Start of Source records

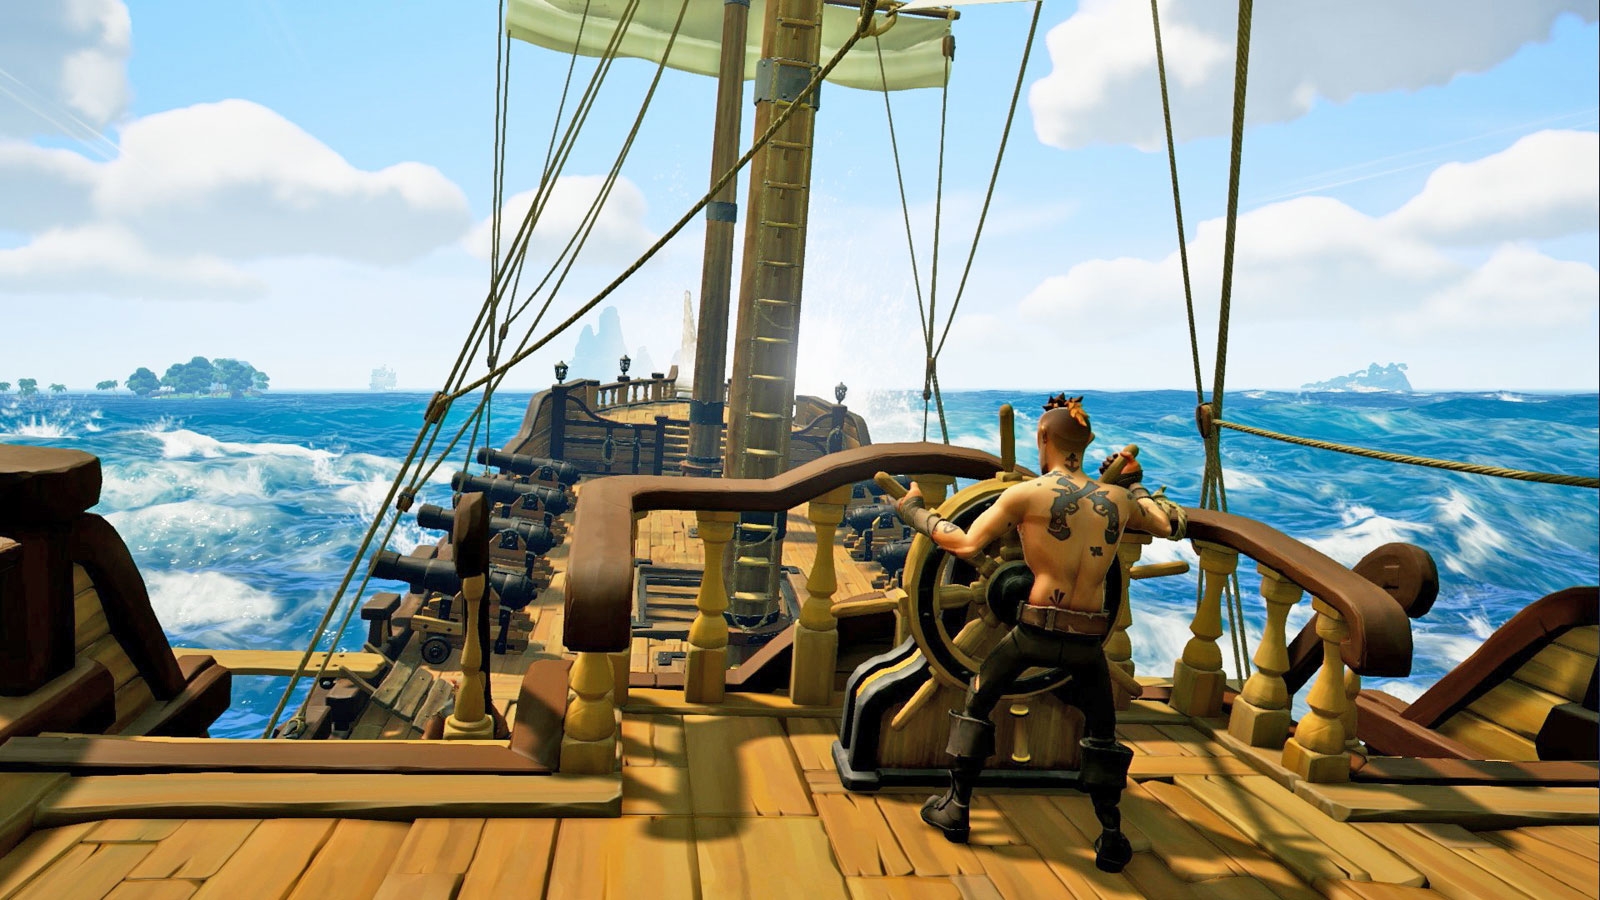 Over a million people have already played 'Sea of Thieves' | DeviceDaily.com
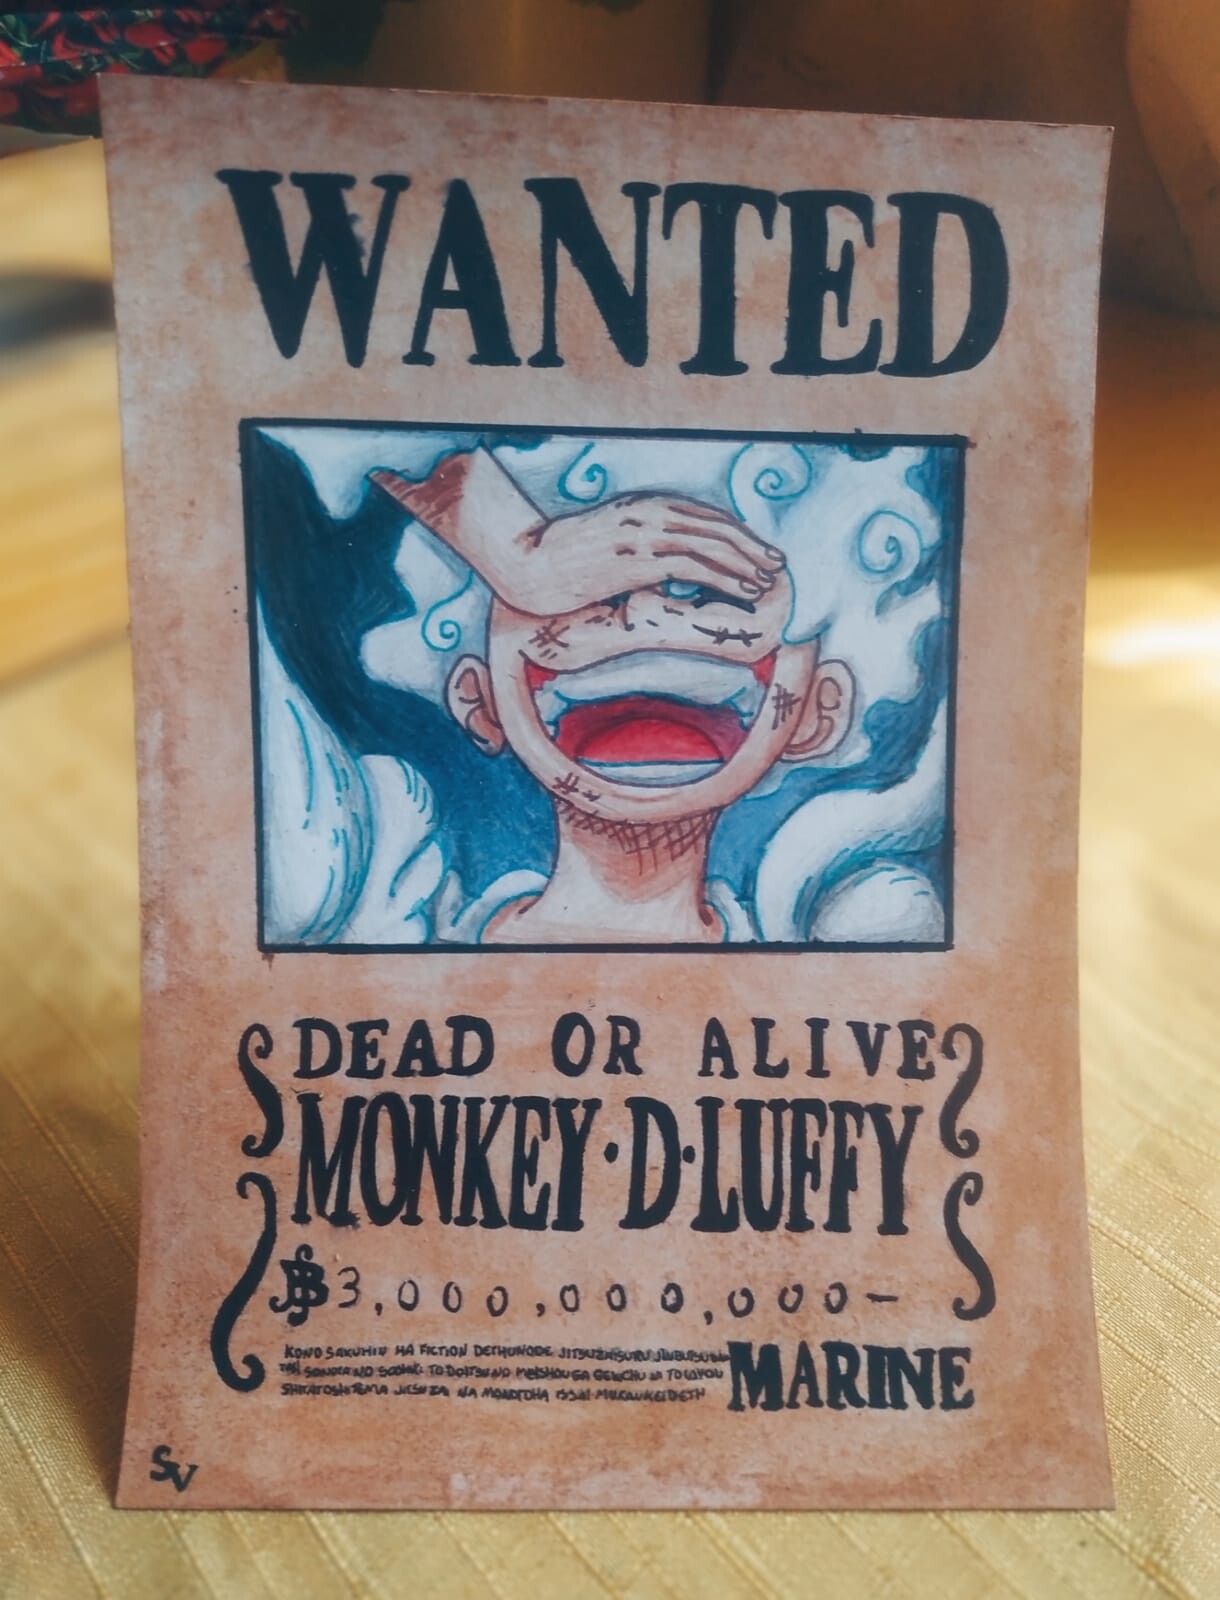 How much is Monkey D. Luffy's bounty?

End of Source records
Start of Source records

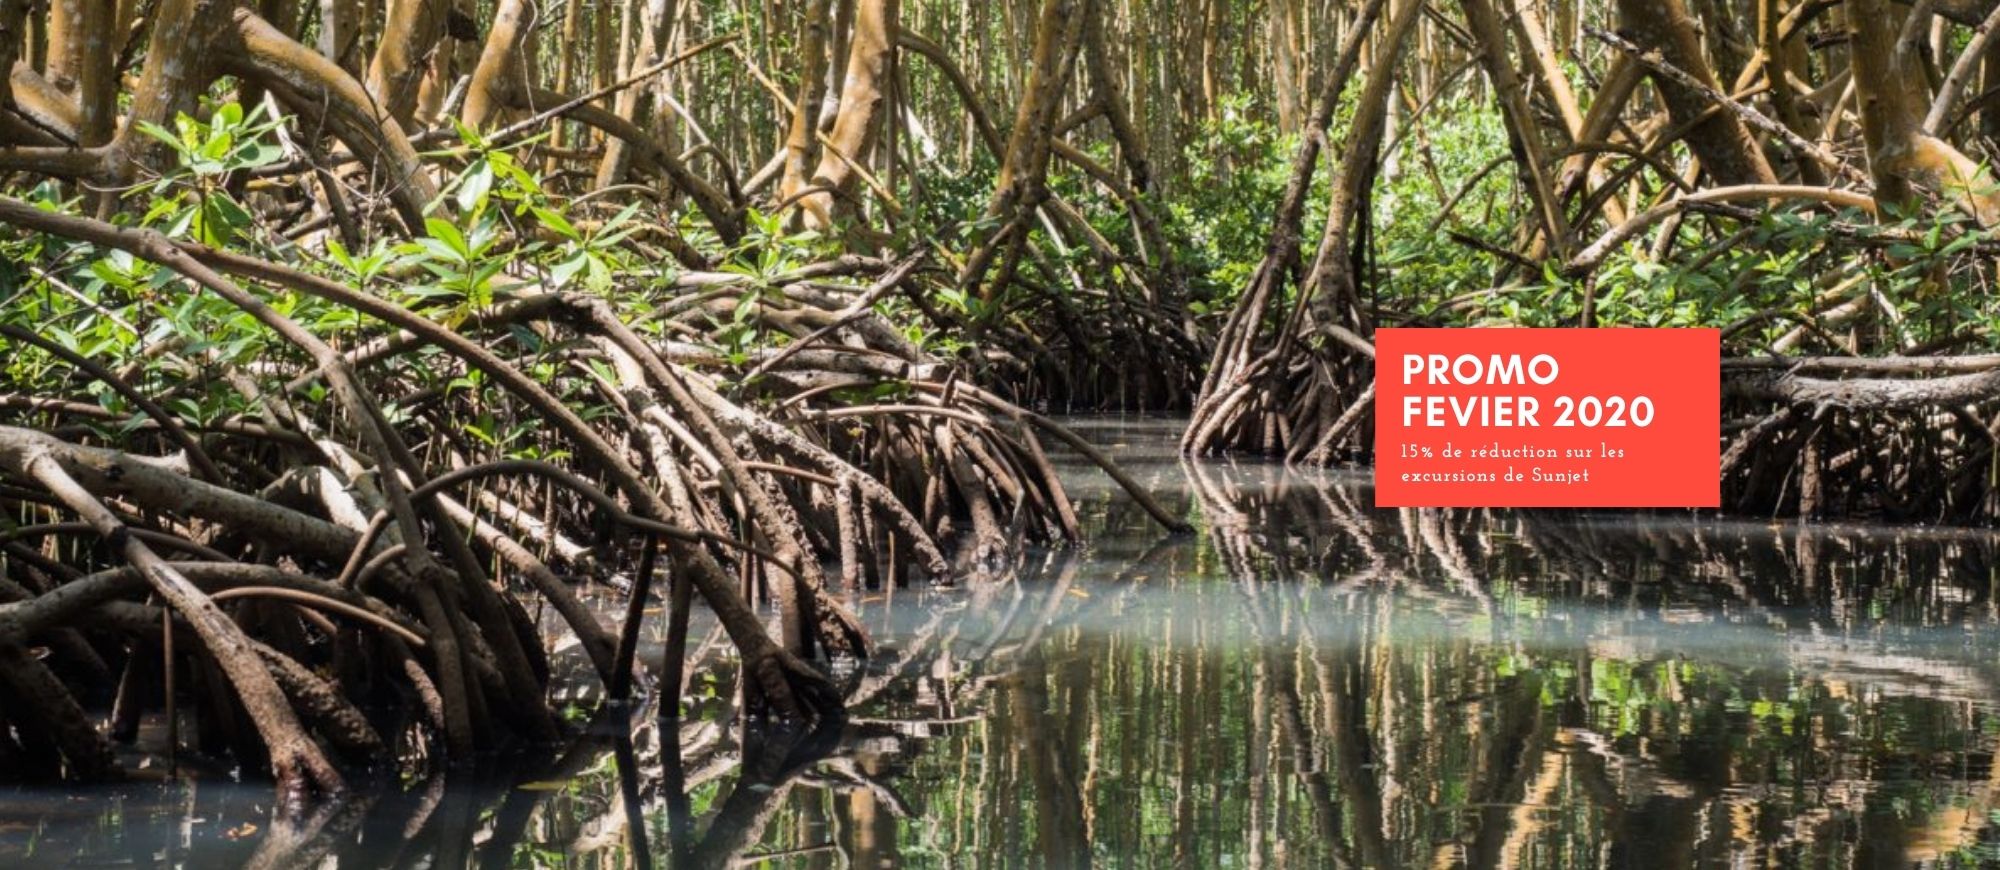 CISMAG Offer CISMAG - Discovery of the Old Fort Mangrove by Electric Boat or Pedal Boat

End of Source records
Start of Source records

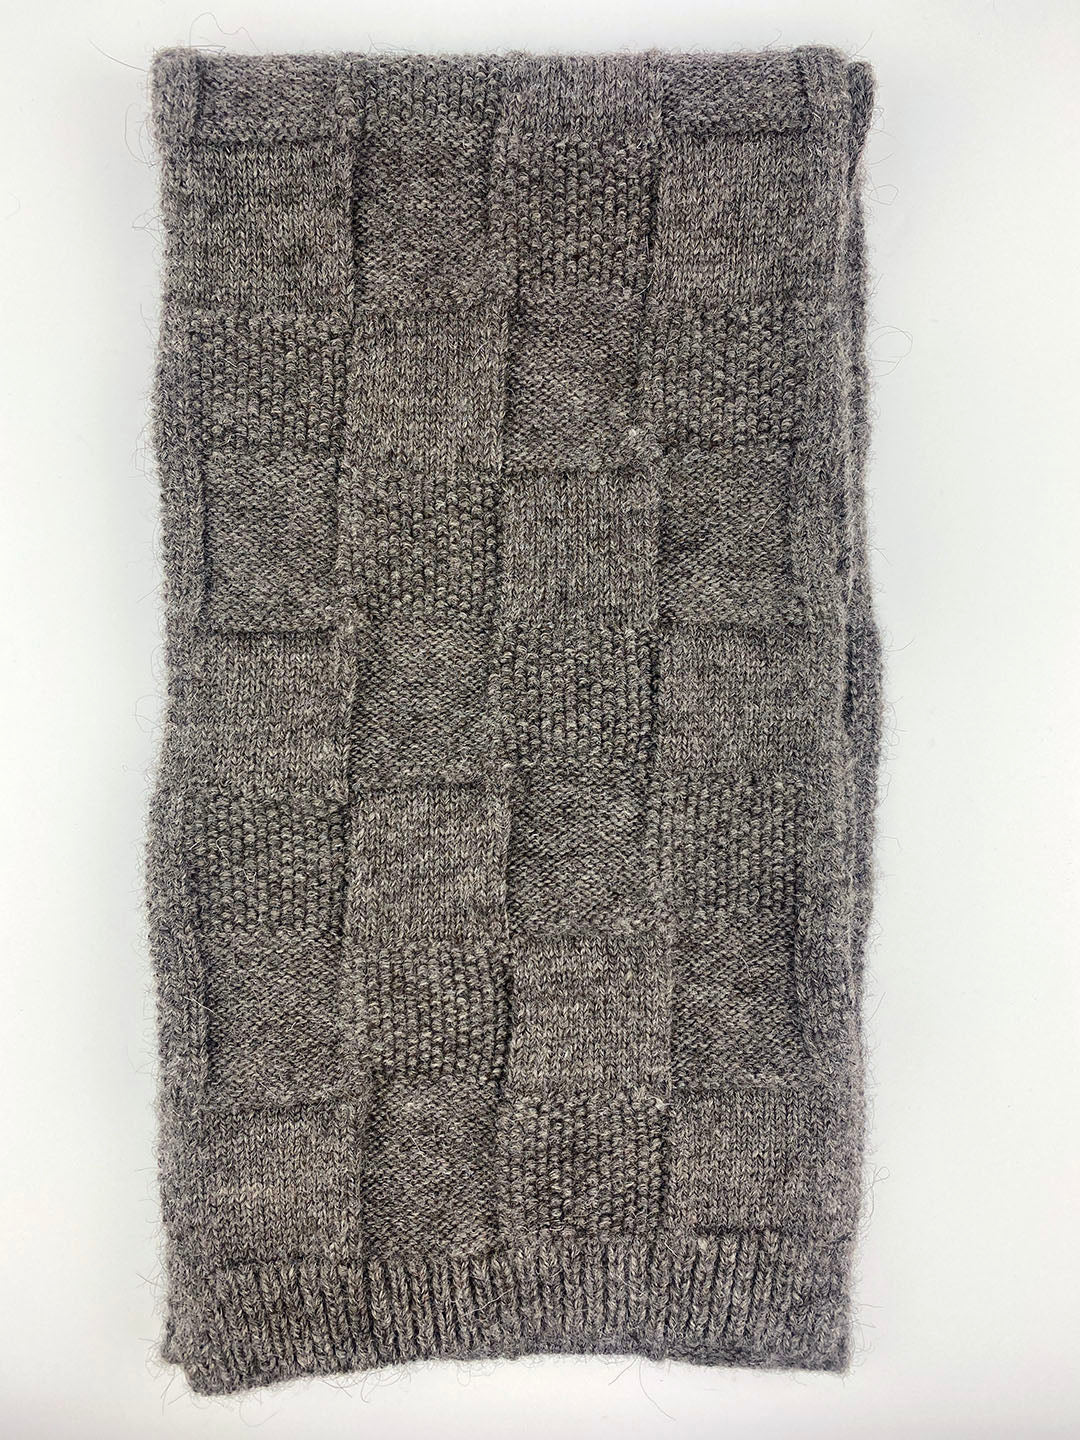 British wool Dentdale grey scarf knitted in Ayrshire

End of Source records

Problem to solve ::
Beginning with the line that contains "Over a million", write out the lines of the material above exactly, and end with the line that contains "How much is Monkey D. Luffy's bounty?". Omit the pictures.

Solution to this exercise ::
 Over a million people have already played 'Sea of Thieves' | DeviceDaily.com
 How much is Monkey D. Luffy's bounty?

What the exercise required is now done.